Wherein, S_DRepresent the horizontal ground stress deviation coefficient, σ_HRepresent the flatly maximum stress of the shale reservoir, σ_h Represent the flatly minimum stress of the shale reservoir.

Shale reservoir provided in an embodiment of the present invention into seam Capability index acquisition methods and device, by obtaining shale reservoir Brittleness index and horizontal ground stress deviation coefficient, and obtain the stress sensitive property coefficient of shale reservoir；Further according to brittleness index, water Level land stress difference coefficient and stress sensitive property coefficient determine shale reservoir into seam Capability index.As can be seen here, the embodiment of the present invention The shale reservoir of offer, into seam Capability index acquisition methods, is by brittleness index, horizontal ground stress deviation coefficient and stress sensitive Property coefficient determines shale reservoir into seam Capability index three parameter determinations, so as to improve shale reservoir into seam Capability index Accuracy, it is and workable.

Brief description of the drawings

In order to illustrate more clearly about the embodiment of the present invention or technical scheme of the prior art, below will be to embodiment or existing The accompanying drawing to be used needed for having technology description does one and simply introduces, it should be apparent that, drawings in the following description are this hairs Some bright embodiments, for those of ordinary skill in the art, without having to pay creative labor, can be with Other accompanying drawings are obtained according to these accompanying drawings.

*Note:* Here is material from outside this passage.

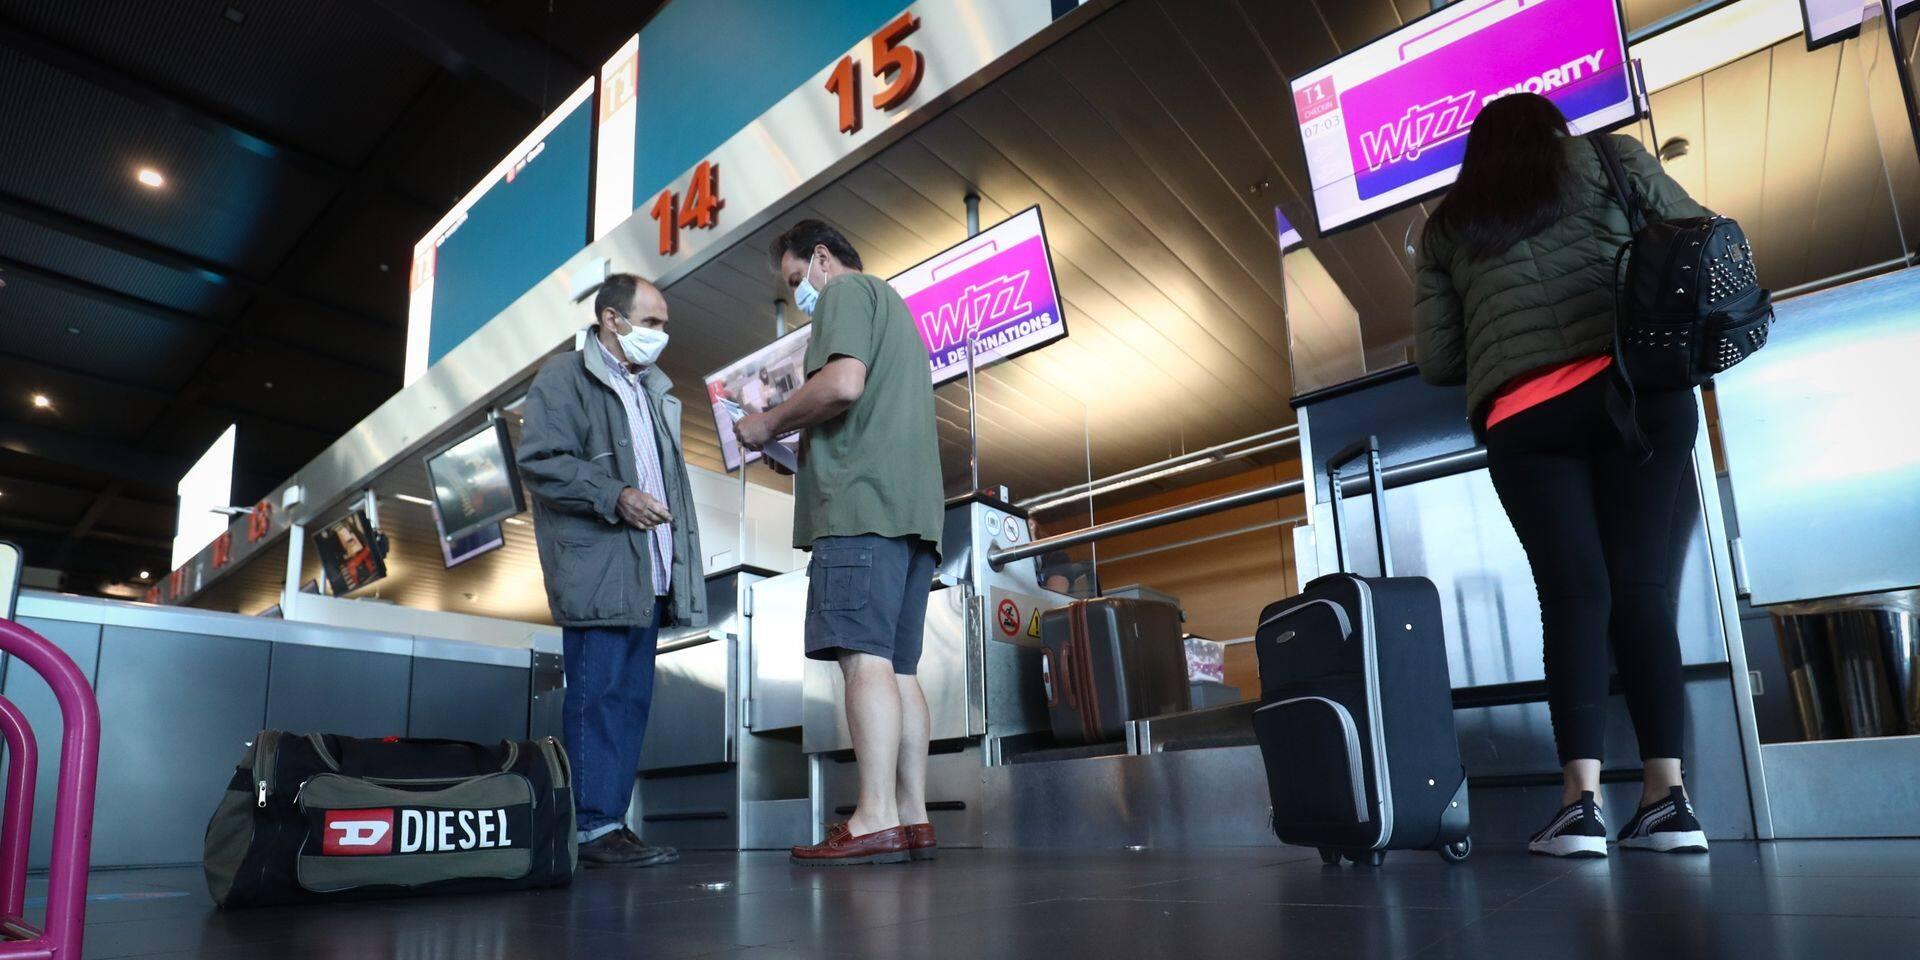 Les travaux de sécurisation du site de Brussels South Charleroi Airport débutent jeudi

Fig. 1 is a kind of schematic flow sheet of the shale reservoir provided in an embodiment of the present invention into seam Capability index acquisition methods；

Fig. 2 is that another shale reservoir provided in an embodiment of the present invention is illustrated into the flow of seam Capability index acquisition methods Figure；

Fig. 3 is a kind of schematic diagram for obtaining longitudinal velocity of wave provided in an embodiment of the present invention；

Fig. 4 is a kind of schematic flow sheet for obtaining application sensitivity coefficient provided in an embodiment of the present invention；

Fig. 5 is the relation schematic diagram between a kind of axial stress provided in an embodiment of the present invention and longitudinal velocity of wave；

Fig. 6 is a kind of structural representation of the shale reservoir provided in an embodiment of the present invention into seam Capability index acquisition device 60 Figure.

Specific embodiment

To make the purpose, technical scheme and advantage of the embodiment of the present invention clearer, below in conjunction with the embodiment of the present invention In accompanying drawing, the technical scheme in the embodiment of the present invention is clearly and completely described, it is clear that described embodiment is A part of embodiment of the present invention, rather than whole embodiments.Based on the embodiment in the present invention, those of ordinary skill in the art The every other embodiment obtained under the premise of creative work is not made, belongs to the scope of protection of the invention.

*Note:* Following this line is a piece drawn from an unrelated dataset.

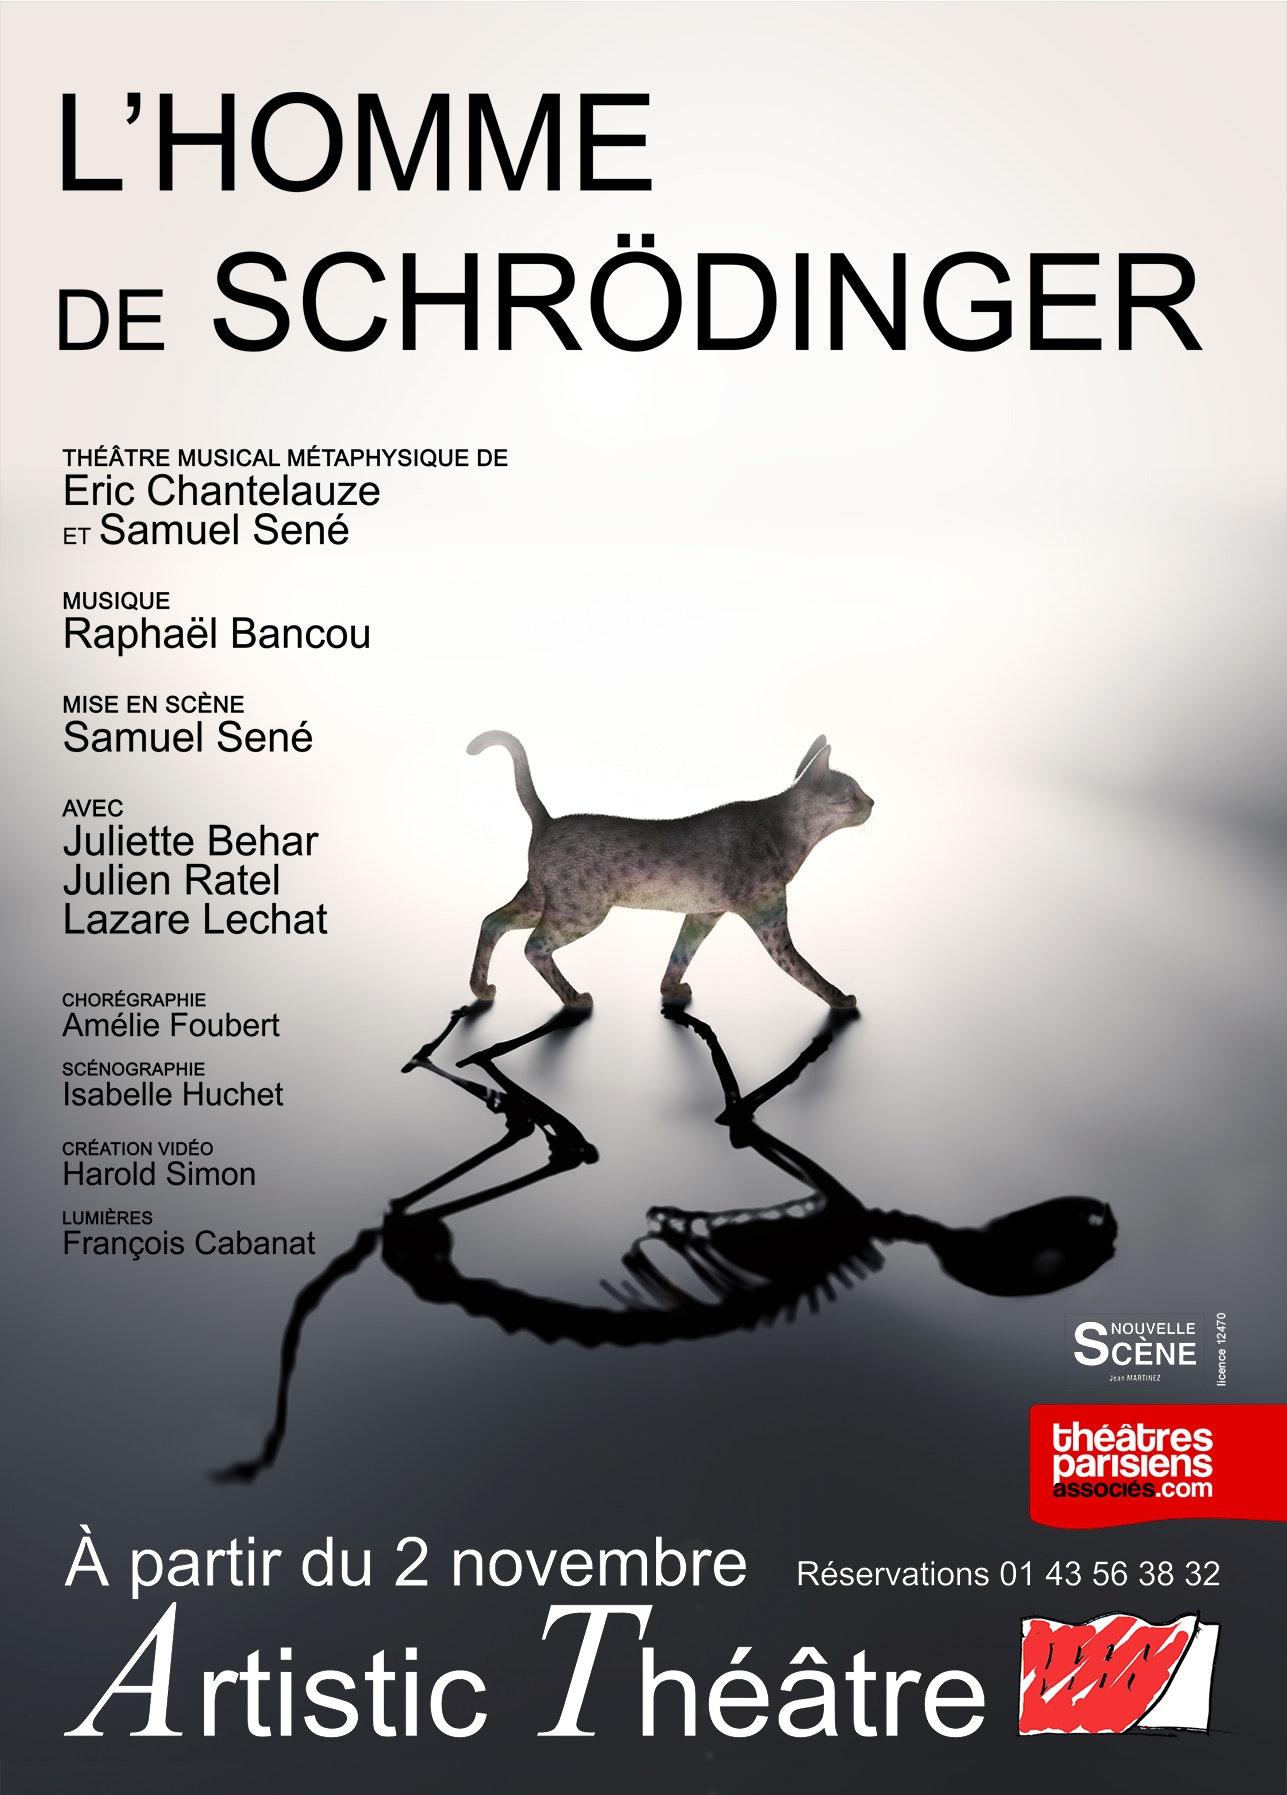 Image L'HOMME DE SCHRÖDINGER

Term " first ", " second ", " the 3rd ", " in description and claims of this specification and above-mentioned accompanying drawing Four " etc. (if present) is for distinguishing similar object, without for describing specific order or precedence.Should manage Solution so data for using can be exchanged in the appropriate case, so as to embodiments of the invention described herein, for example can be with Order in addition to those for illustrating herein or describing is implemented.Additionally, term " comprising " and " having " and they appoint What deforms, it is intended that covering is non-exclusive to be included, for example, contain the process of series of steps or unit, method, system, Product or equipment are not necessarily limited to those steps clearly listed or unit, but may include not list clearly or for These processes, method, product or other intrinsic steps of equipment or unit.

It should be noted that these specific embodiments can be combined with each other below, for same or analogous concept Or process may be repeated no more in certain embodiments.

Fig. 1 is a kind of schematic flow sheet of the shale reservoir provided in an embodiment of the present invention into seam Capability index acquisition methods, The shale reservoir can be performed by shale reservoir into seam Capability index acquisition methods into seam Capability index acquisition device, example, The shale reservoir into seam Capability index acquisition device can be separately provided, it is also possible to it is integrated within a processor.Refer to Fig. 1 institutes Show, the shale reservoir can include into seam Capability index acquisition methods：

S101, the brittleness index and horizontal ground stress deviation coefficient that obtain shale reservoir.

Example, in embodiments of the present invention, shaft bottom rock core to be measured can be first collected, drill through the sample of Φ 25*50mm Product, then it is 320 mesh powder that the fragment that will be bored during sample is crushed, and is then placed in drying chamber and is dried, drying room temperature is set to 105 degrees Celsius, drying time depending on rock sample size, re-test mineralogical composition, so as to determining shale reservoir according to mineralogical composition Brittleness index.Certainly, the embodiment of the present invention is to be illustrated so that 320 mesh and drying room temperature are set to 105 degrees Celsius as an example, But do not represent present invention is limited only by this.

S102, the stress sensitive property coefficient for obtaining shale reservoir.

Wherein, the stress sensitive property coefficient refer to rock under stress, natural fissure closure so that velocity of wave is increased Speed.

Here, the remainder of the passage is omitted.